-- Dataset extract follows --

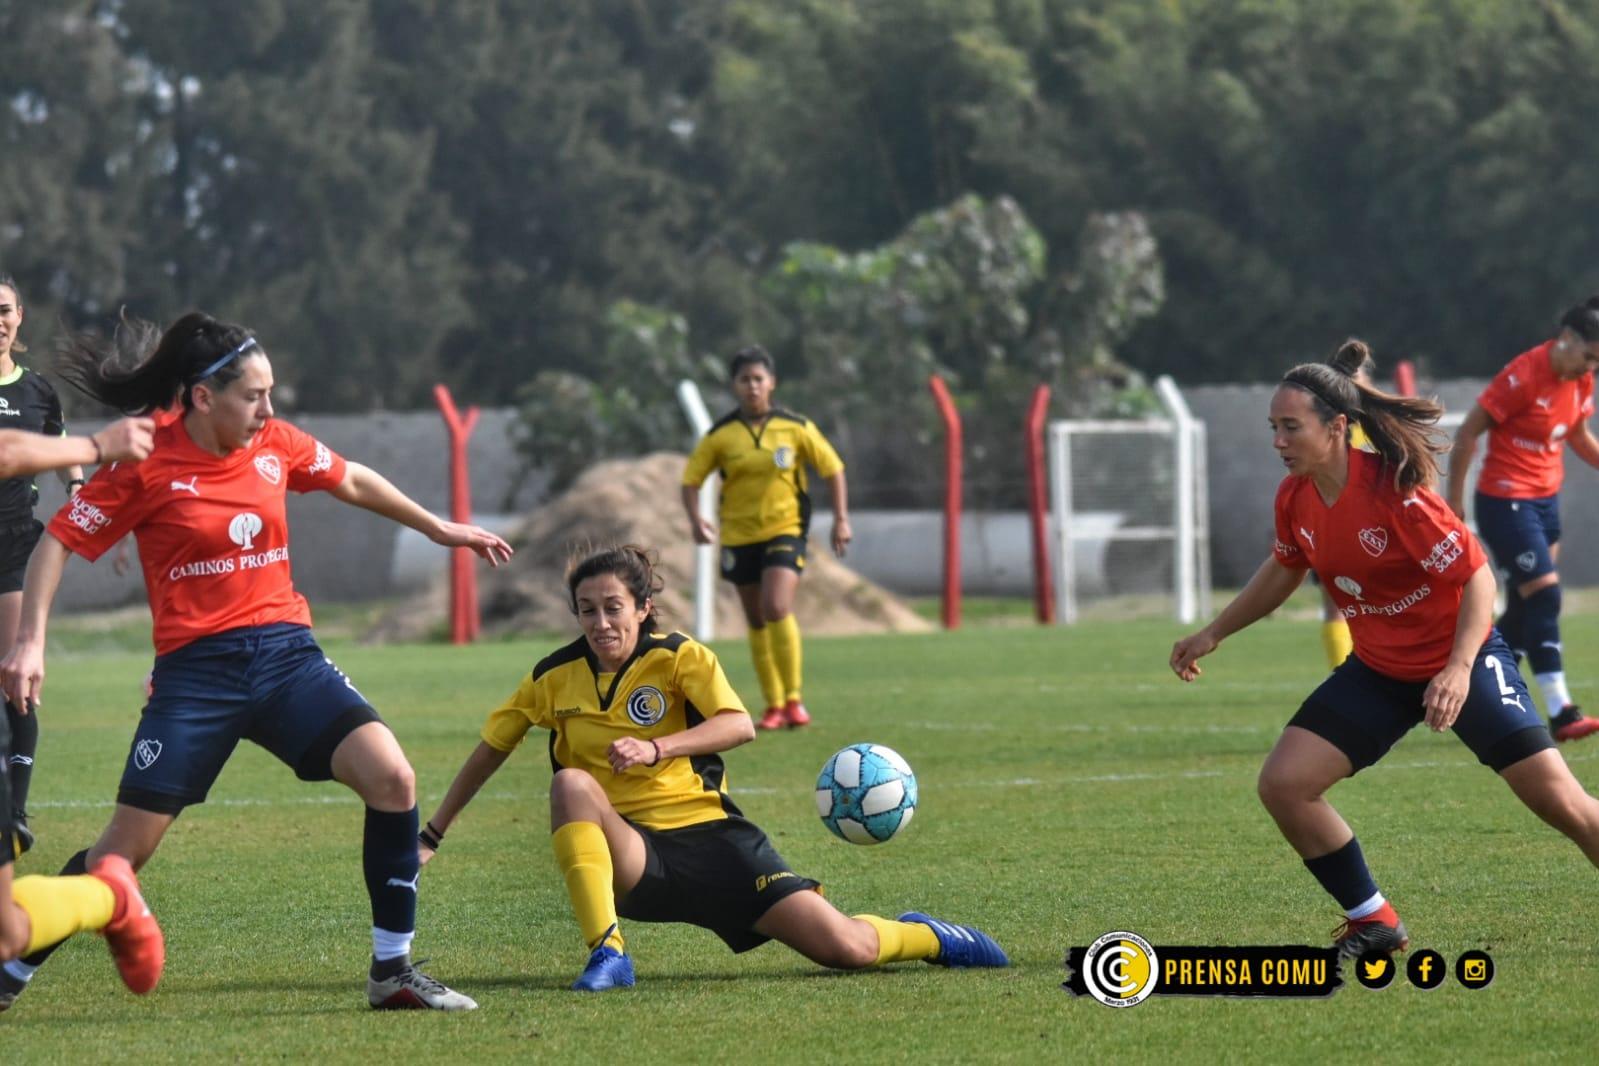 Arranque con Goleada de Independiente
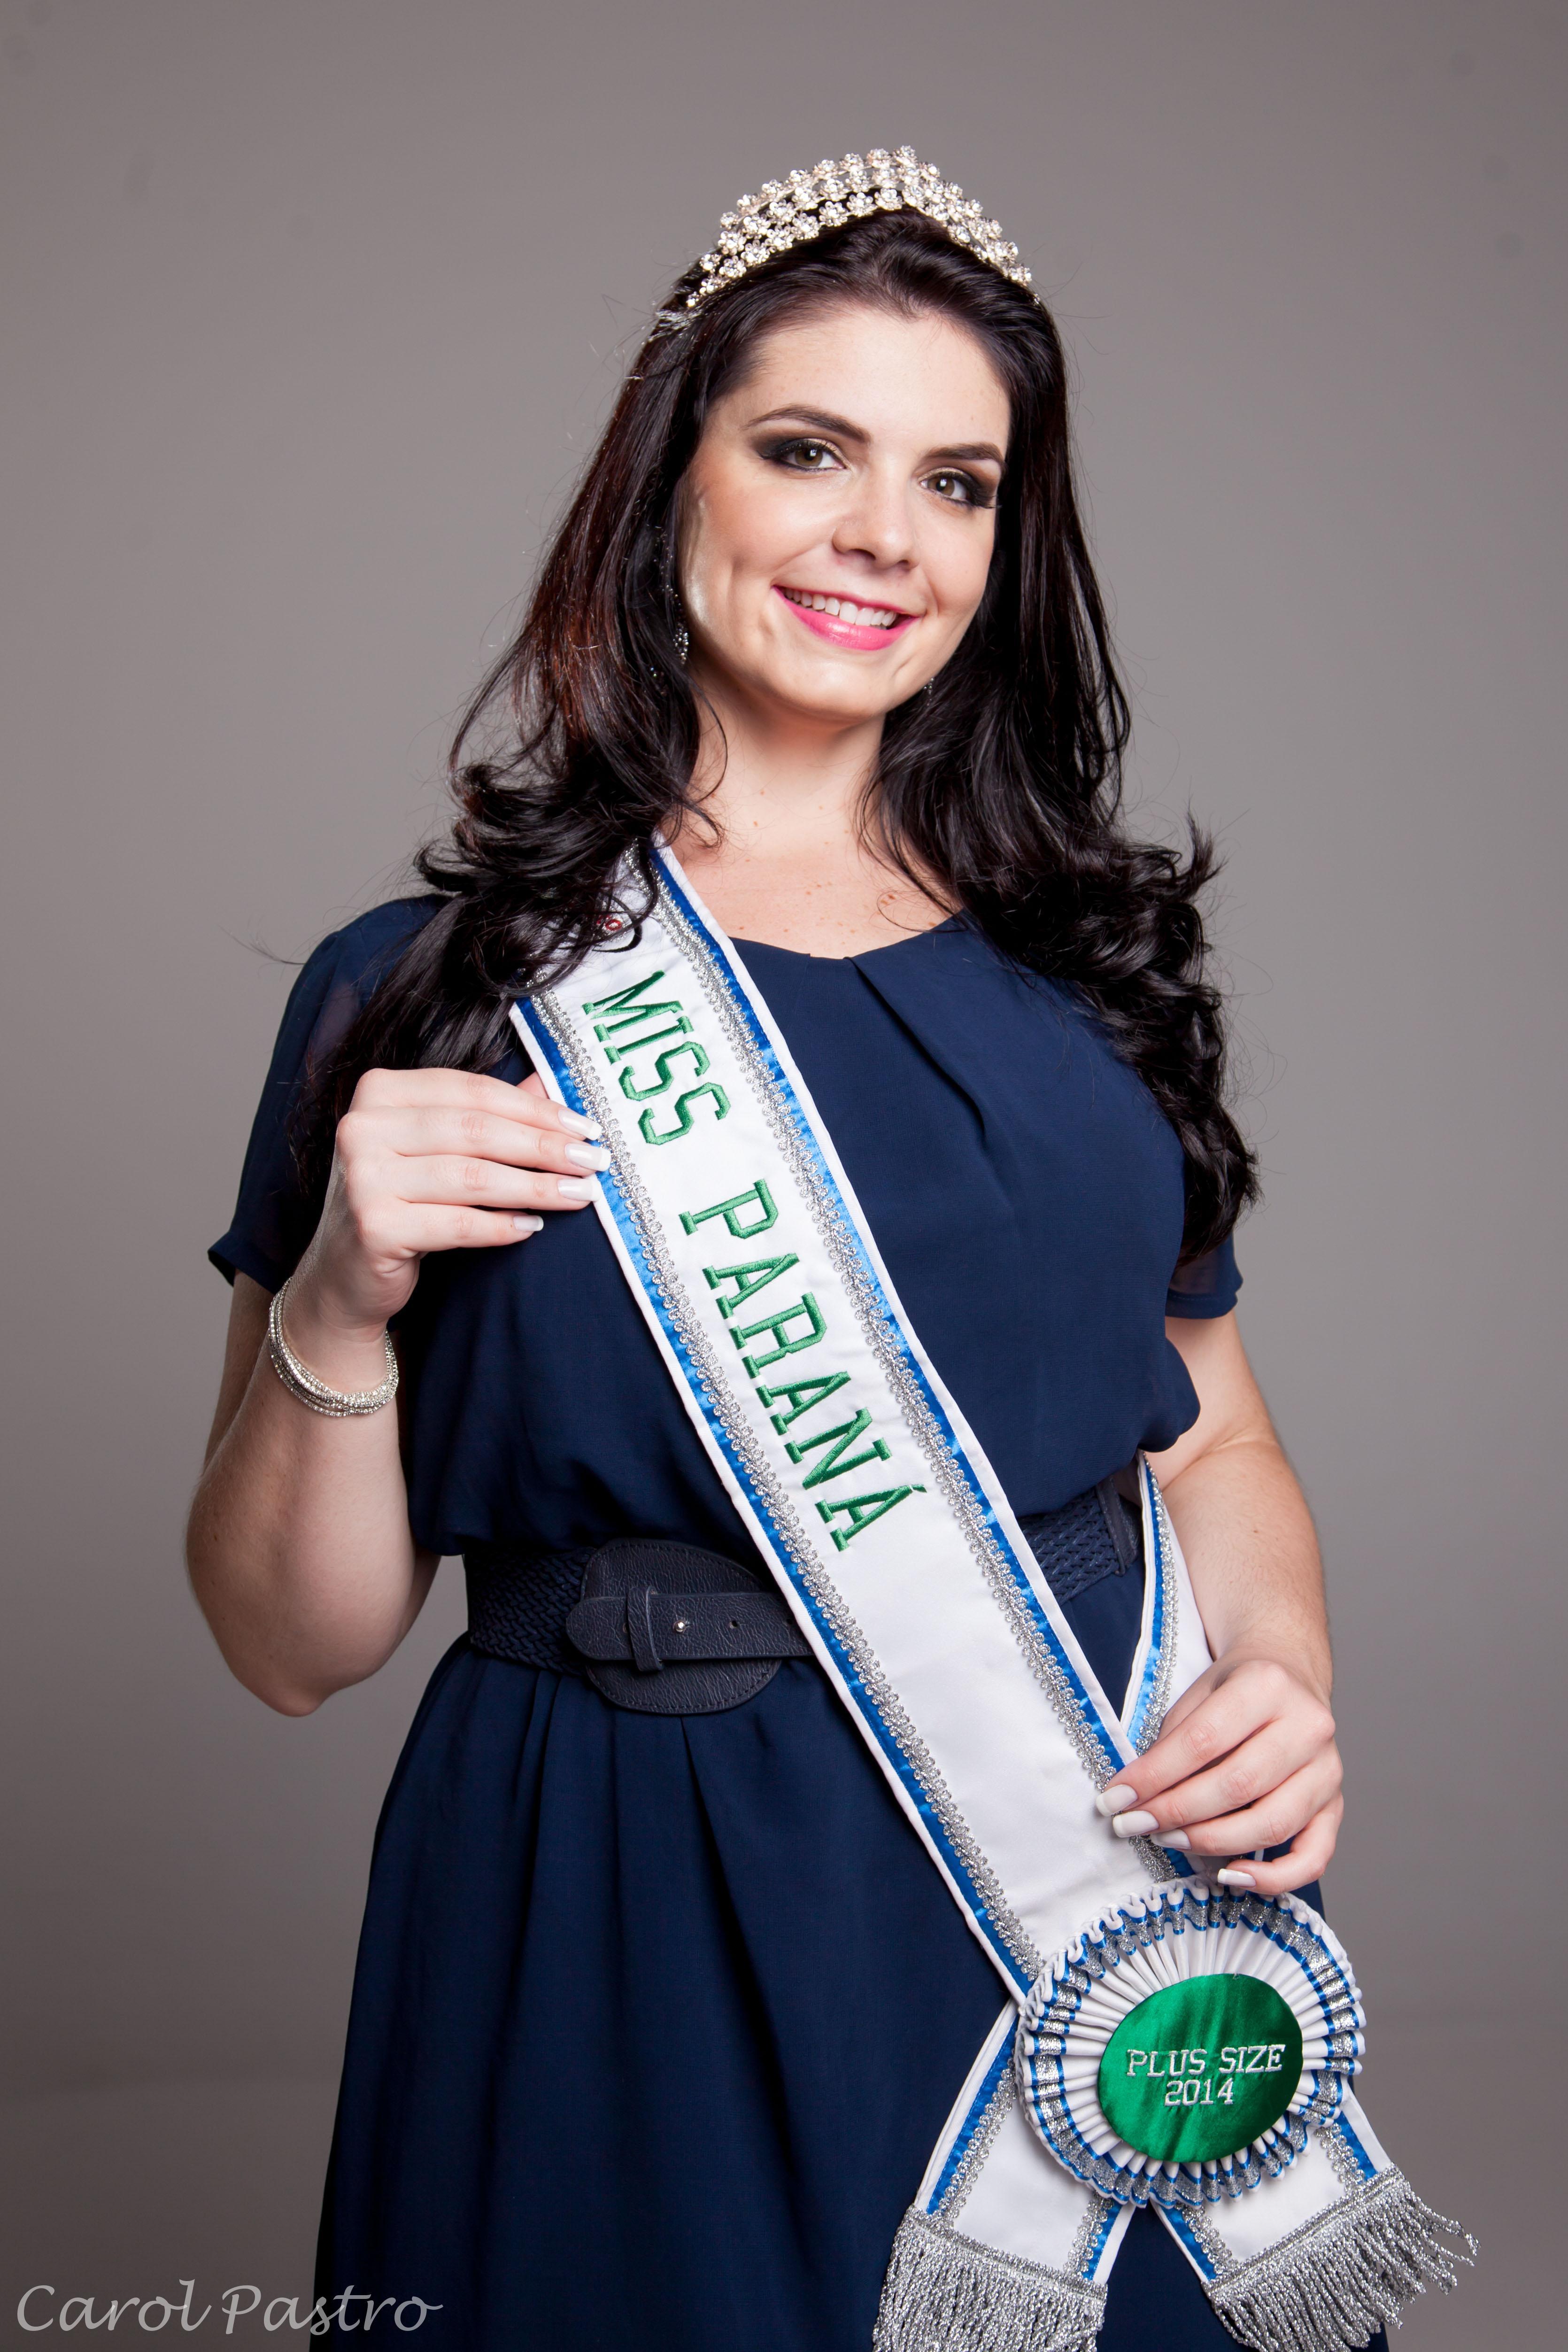 Isabelle com a faixa de Miss Paraná Plus Size 2014
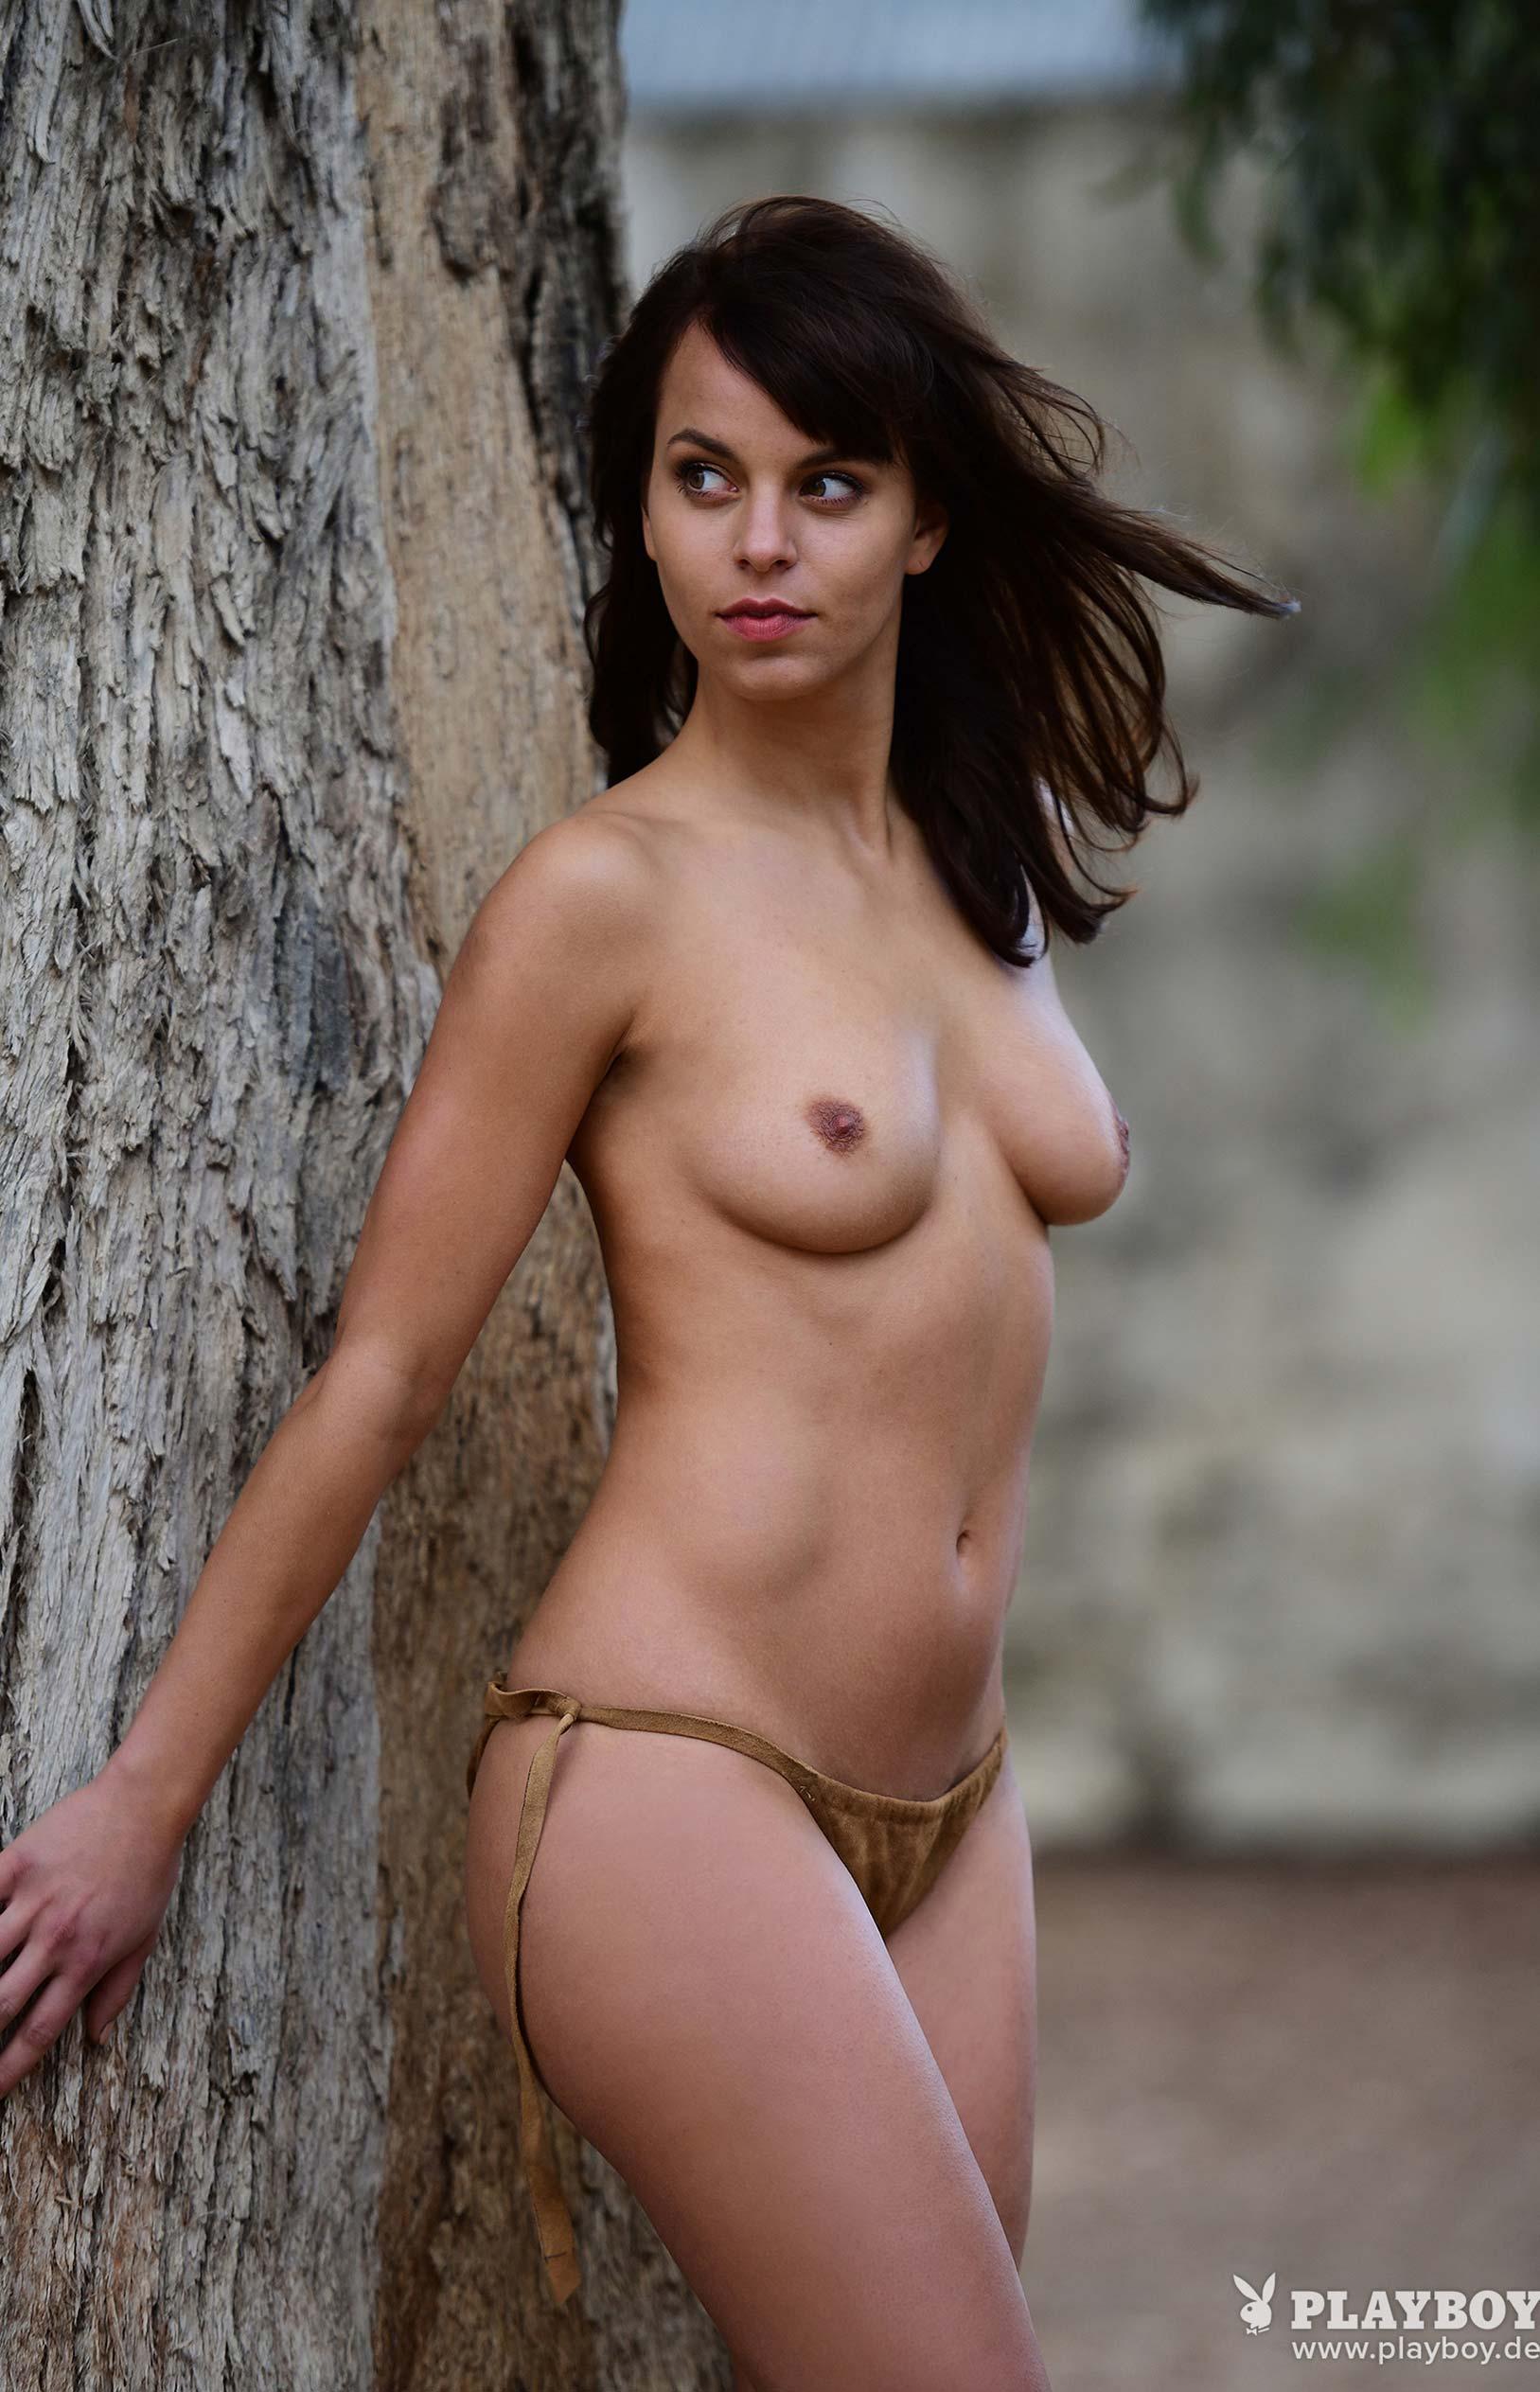 актриса Франциска Бенц голая на ферме в Южной Африке / фото 16

-- Dataset extract concluded --

● Problem statement
Starting at the line that contains "Isabelle com a", output every line through the end of the data, both ends included, and nothing else; pictures stay out.

● Reply
 Isabelle com a faixa de Miss Paraná Plus Size 2014
 актриса Франциска Бенц голая на ферме в Южной Африке / фото 16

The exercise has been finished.